Here is our program so far:

import bitpit
import pathlib

def on_size_changed(downloader):
    print('The file size is', downloader.size)

def on_speed_changed(downloader):
    print('The speed is', *downloader.human_speed)

def on_state_changed(downloader, old_state):
    print('The state changed to:', downloader.state)

#will download this
url = 'https://www.python.org/static/img/python-logo.png'

#this is our downloader
dl = bitpit.Downloader(
        url,
        path=pathlib.Path.home() / 'Desktop' / 'logo.png',
        restart_wait=30,
        rate_limit=2048,
        timeout=60,
        chunk_size=1024
    )

#listen to signals
#print size as soon as it is known
dl.listen('size-changed', on_size_changed)

#print speed periodically
dl.listen('speed-changed', on_speed_changed)

#print state
dl.listen('state-changed', on_state_changed)

#start downloading and tell user download has started.
dl.start()
print('Download has started.')

#end of the main thread

Now we have only one thing left to do.

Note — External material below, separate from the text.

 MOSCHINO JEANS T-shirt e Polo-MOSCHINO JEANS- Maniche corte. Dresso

If you have noticed, our output is ugly.

In Elegant Output we are going to make it pretty. We will also introduce some useful things in bitpit.

Elegant Output

We are finally in the last lesson. Let’s make our output beautiful.

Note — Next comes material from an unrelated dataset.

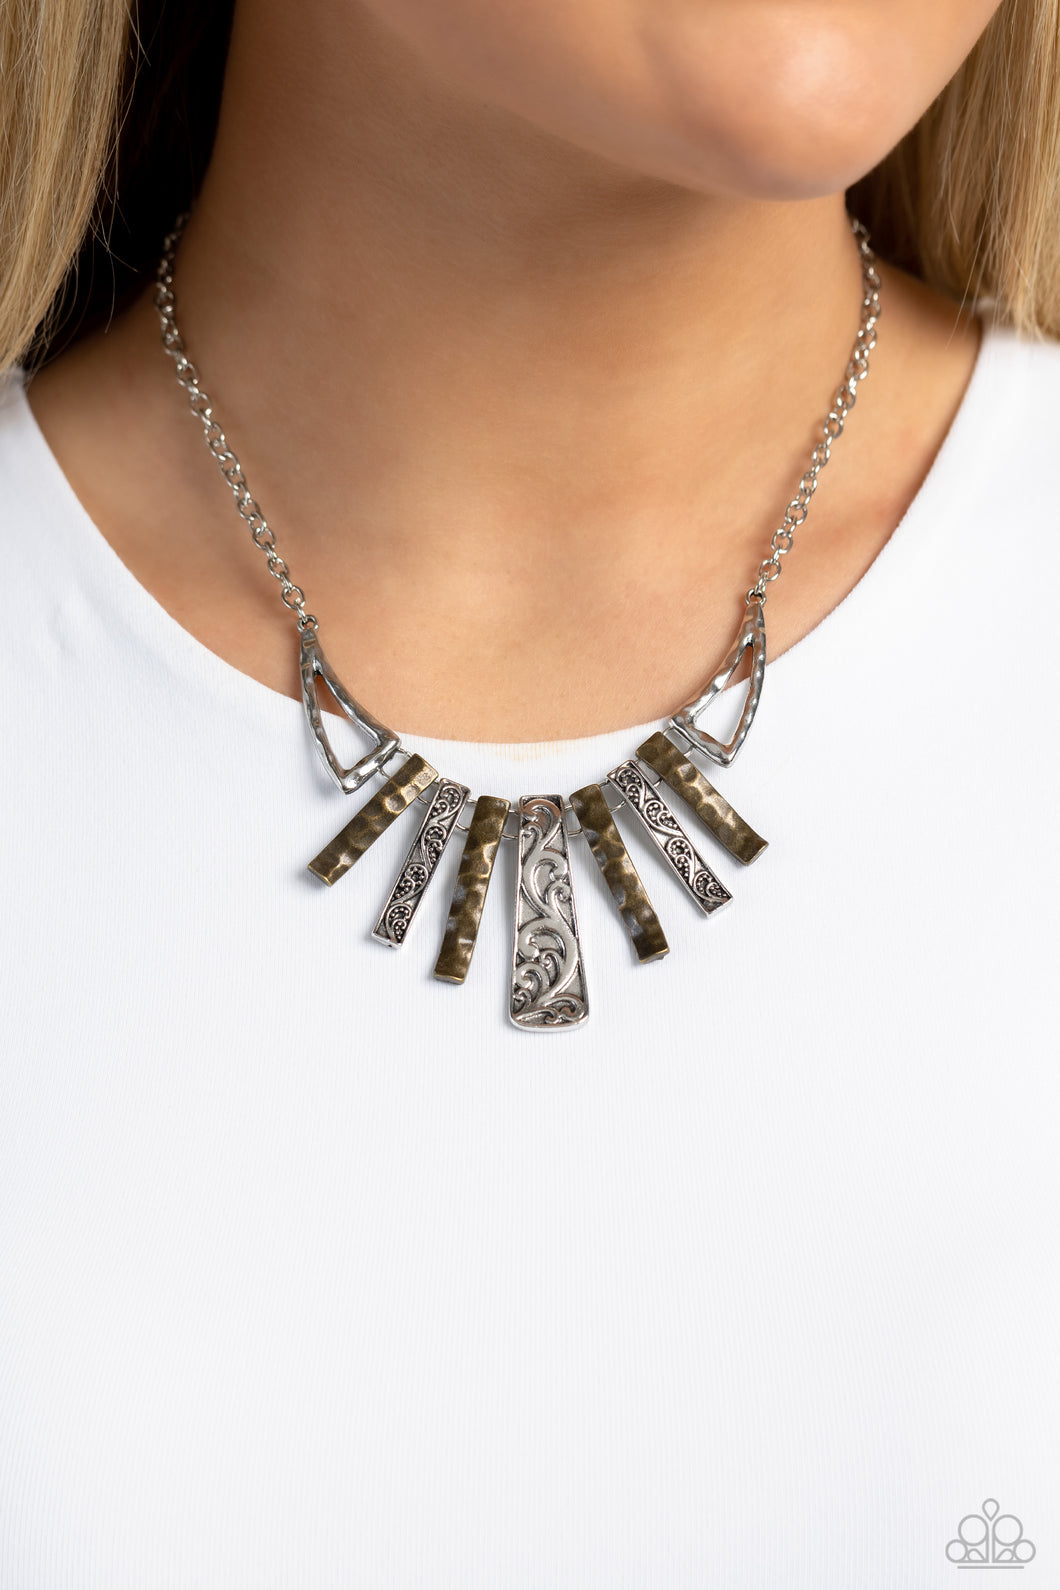 Paparazzi “Paisley Pastime” Multi Necklace Earring Set - Cindysblingboutique

Our goal will be to make the output look like this:

<state> | <File size> | <Downloaded> | <speed> [<progress bar>] <percentage>% <eta>

We have all the information in 1 line seperated by a pipe character “|”. The state will show us in real time if there is any error. The file size, downloaded bytes and speed will be in human readable form so that we can easily read it. The progress bar will indicate how much portion we have downloaded so far. The percentage will indicate the same as the progress bar but in numbers. Finally, eta is the estimated time to finish the download. The information will be printed in only 1 line. If it changes, we will make the information be updated in the same line instead of printing so many lines like we did in the on_speed_changed callback.

Showing information in one line

First, instead of having a callback function for each signal, let’s make 1 callback that will update all the information whenever 1 thing changes. Let’s remove on_size_changed, on_speed_changed and on_state_changed callbacks and write 1 callback to print the state, size, downloaded, and speed instead:

def on_anything_changed(downloader, old_state=None):
    state = downloader.state
    size = '{} {}'.format(*downloader.human_size)
    downloaded = '{} {}'.format(*downloader.human_downloaded)
    speed = '{} {}'.format(*downloader.human_speed)

    text = '{} | {} | {} | {}'.format(state, size, downloaded, speed)
    print(text)

We will do the progress bar, the percentage and the estimated download time in a later section.

Next, we modify all Downloader.listen() calls to register the new function:

#listen to everything
dl.listen('size-changed', on_anything_changed)
dl.listen('speed-changed', on_anything_changed)
dl.listen('state-changed', on_anything_changed)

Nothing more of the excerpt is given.